Jesus, then, fulfills the promise
of God to the world through Abraham and Sarah’s family to bless all its nations
and peoples. He does so as the one faithful Israelite, God’s subversive,
counter-revolutionary movement in person.
He come primarily to Israel to gather and reconstitute Abrahamic Israel
from out of ethic Israel which had forfeited its brief to serve any longer as
the bearer of God’s redemptive movement through the world.[2]
This reconstituted Israel which will end up a Jewish-Gentile body through his
work will take to the world, still as God’s SCRM (because the world is still
hostile and resistant to God) but now bearing the “good news” that God’s reign
has come and God’s purposes have been fulfilled through Christ in anticipation
(Pannenberg) assuring that it will one day be the reality of the cosmos.
Mark tells us about this decisive
final decisive outreach of God to Israel, portending either judgment or mercy
depending on their response to Jesus. He writes a generation after Jesus just
before the sword of judgment in the hands of Rome falls in a cataclysmic finale
for the nation. And he writes as well for coming generations who will live in
the same freighted time as his own but who still need to see and hear Jesus
living out his vocation as God’s SCRM in person and recruit others to follow
him and embrace his way of being Israel. Succeeding generations in their own
time and place need to encounter him as well for though the dynamics will
differ for each the call to embrace Jesus and his way of being God’s people
remains the same.
Reading
Mark
The
Gospel’s Purpose
Ched Myers, in his groundbreaking
commentary Binding the Strongman, is right to claim that
“Mark was written as a manifesto for radical Christian
discipleship, and, I believe, remains one today. In contrast to other writings
of its time, it is a story about and for the poor and the common folk. Its narrative
strategy is clearly subversive of the social status quo of Roman Palestine.
Mark’s Jesus – through symbolic action, word and deed – systematically
challenges the dominant order, with its assumptions about power and piety,
sacred space, and social class.
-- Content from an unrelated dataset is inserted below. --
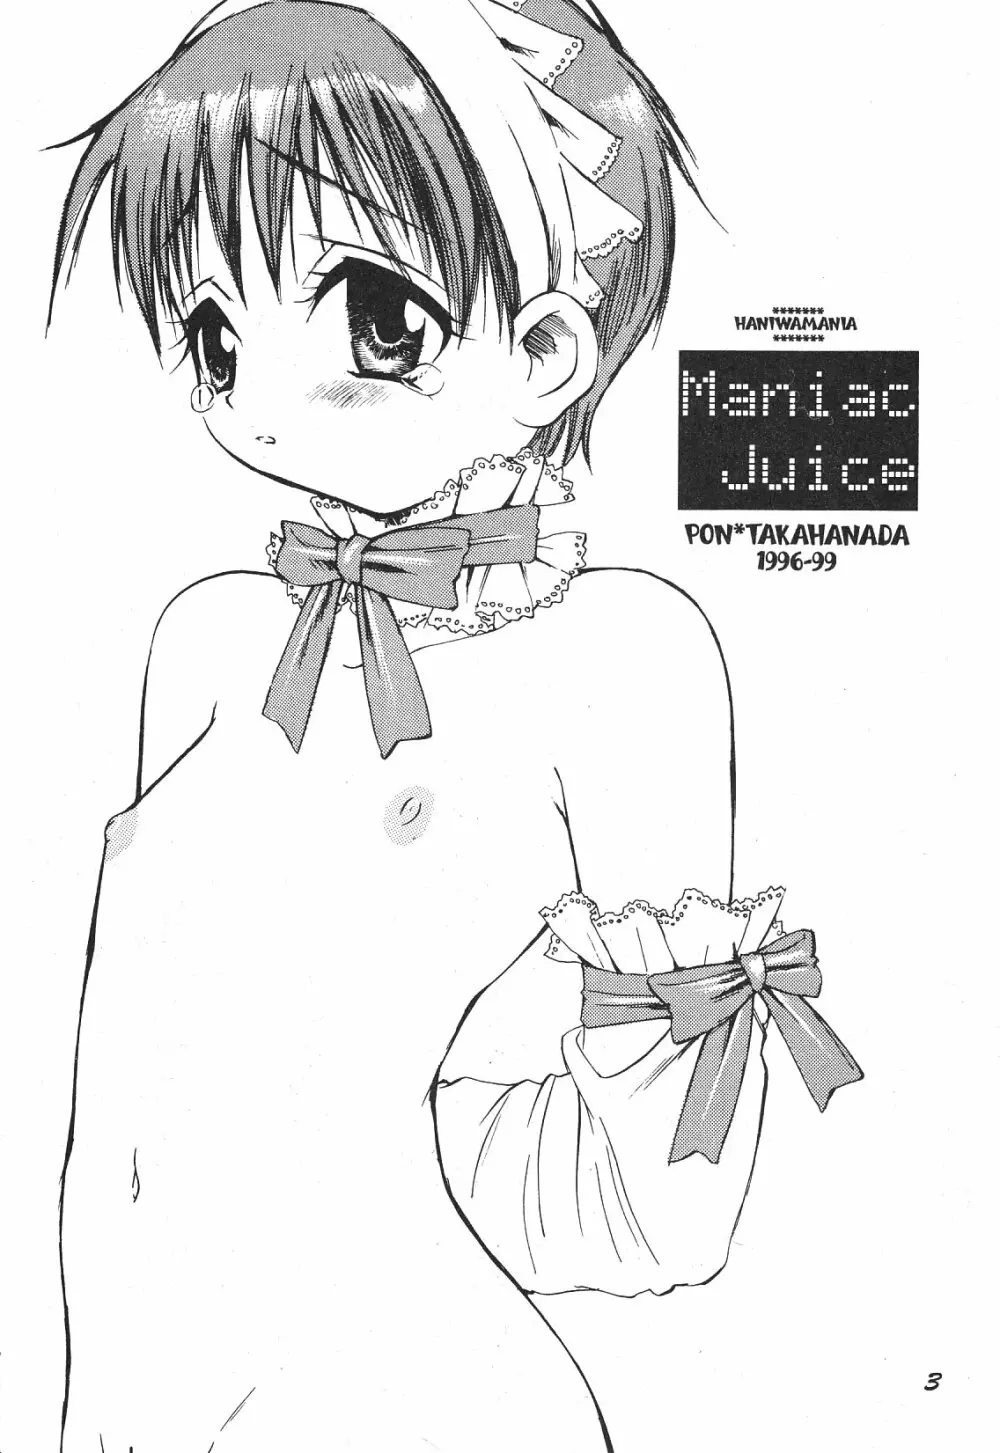 Maniac Juice 女シンジ再録集 '96-'99 - page3

This Jesus forges a model of new social
possibilities, in which the socially disenfranchised are welcomed to table; and
Jew and Gentile struggle to overcome the powerful ideologies of enmity between
them.”[3]
Did you hear that? “Systematically
challenge the dominant order” – that’s what I am calling “subversive.” And
“forges a model of new social possibilities” – that’s what I am calling
“counter-revolutionary” (countering the sinful social models humanity developed
in the wake of the fall. So I contend he is calling Jesus and his followers
God’s Subversive Counter-Revolutionary Movement!
Myers further situates Mark’s
readers within the “double plot”[4]
by which he tells his story:
- the showdown between Jesus and the
Jewish and Roman authorities that ends with his cross, and
- the persistent, increasing failure of
the disciples to understand Jesus and his way.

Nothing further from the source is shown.